If this story sounds confused time-wise, there might be a good reason for that: I was frantically working on other things. Each time a treetop came off it was after crews departed, apparently finished, but returned. On Thursday as I drove home from work I saw five crew trucks and a large crew taking down the second and third trees. I had my digital camera with me but I was so busy fighting the urge to turn a chainsaw on a chainsaw-wielding lunkhead it didn't occur to me to menace same with a camera. So: that's totally my fault. I'll try to remember next time to calmly threaten cobags with Kodaks, their natural enemies. The moment passed, but there's one important thing to remember: the trucks weren't from the Department of Public Works. They were from a private contractor, the trees were on town land and were town property.

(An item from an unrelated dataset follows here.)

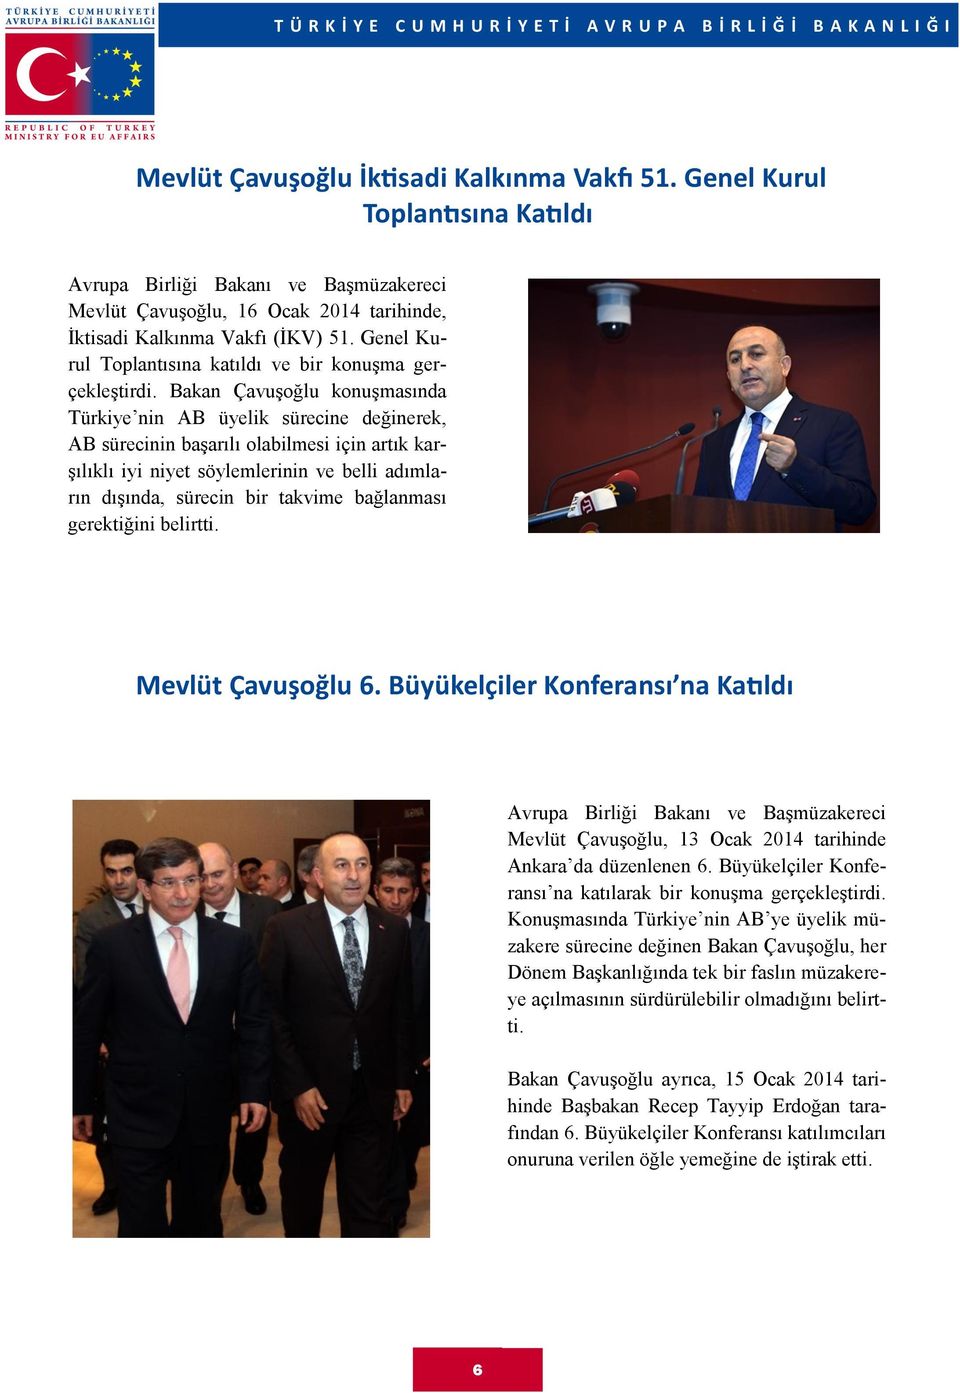 Bakan Çavuşoğlu konuşmasında Türkiye nin AB üyelik sürecine değinerek, AB sürecinin başarılı olabilmesi için artık karşılıklı iyi niyet söylemlerinin ve belli adımların dışında, sürecin bir takvime
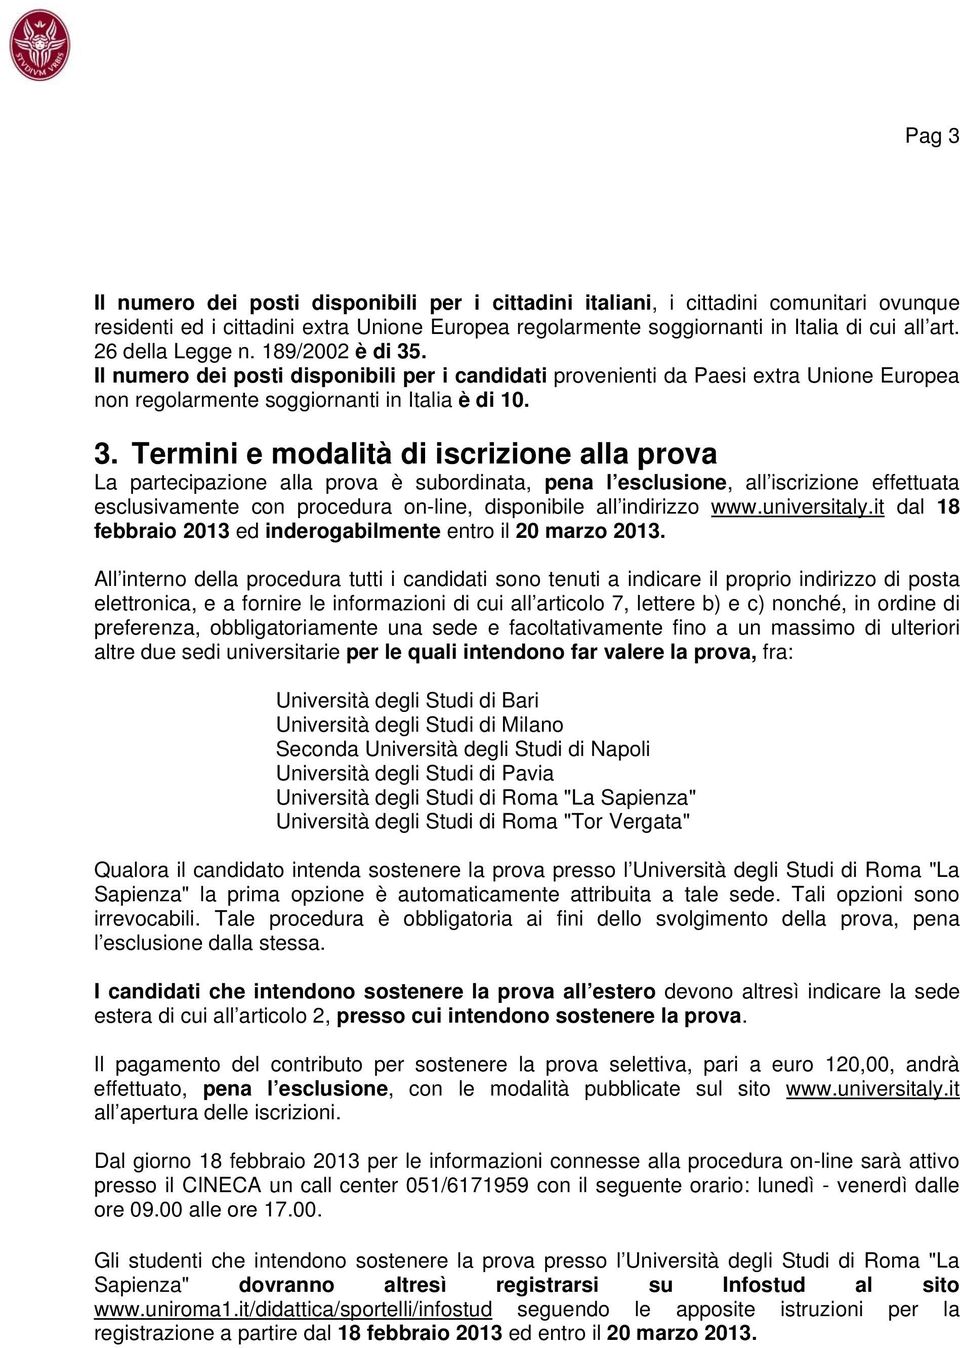 . Il numero dei posti disponibili per i candidati provenienti da Paesi extra Unione Europea non regolarmente soggiornanti in Italia è di 10. 3.

Sometimes the town takes down a tree when it interferes with the electric lines, but these were no different from trees anywhere in town in that the had grown up around the wires. So what's to stop Public Works from deforesting the entire town? This drives my brother-in-law Dan crazy. He's a landscape architect. Every time I tell him the Department of Public Works is up to something he gets a weary look in his eye like he's retired from crimefighting, hung up his tights and it's someone else's turn. He says the last tree the crews cut has a hollow, round spot, which made me wonder if they'd started with the wrong tree and kept going. He says, "The trees must have been a hazard of some kind, right?" I'm so mad about this Dan's in grave danger of explaining to a judge why I should be denied bail.

When I took these pictures yesterday the sunlight was so bright I couldn't see the pictures I took. I was guessing. The teacher turned into her driveway as I stood there, staring at electrical wires and wondering what the camera saw. She was shocked to see the fourth tree apparently cut in half after she left the house that morning. My sister says a consultant working for the Department of Public Works gets paid to decide to take down trees and if there's no deciding there's no job. That may or may not be the case. The town has a committee that makes decisions about trees. Yesterday, that group's website was down.

There may be a perfectly rational explanation for what's happened here. I'd like to hear it. The homeowners would like to hear it, too.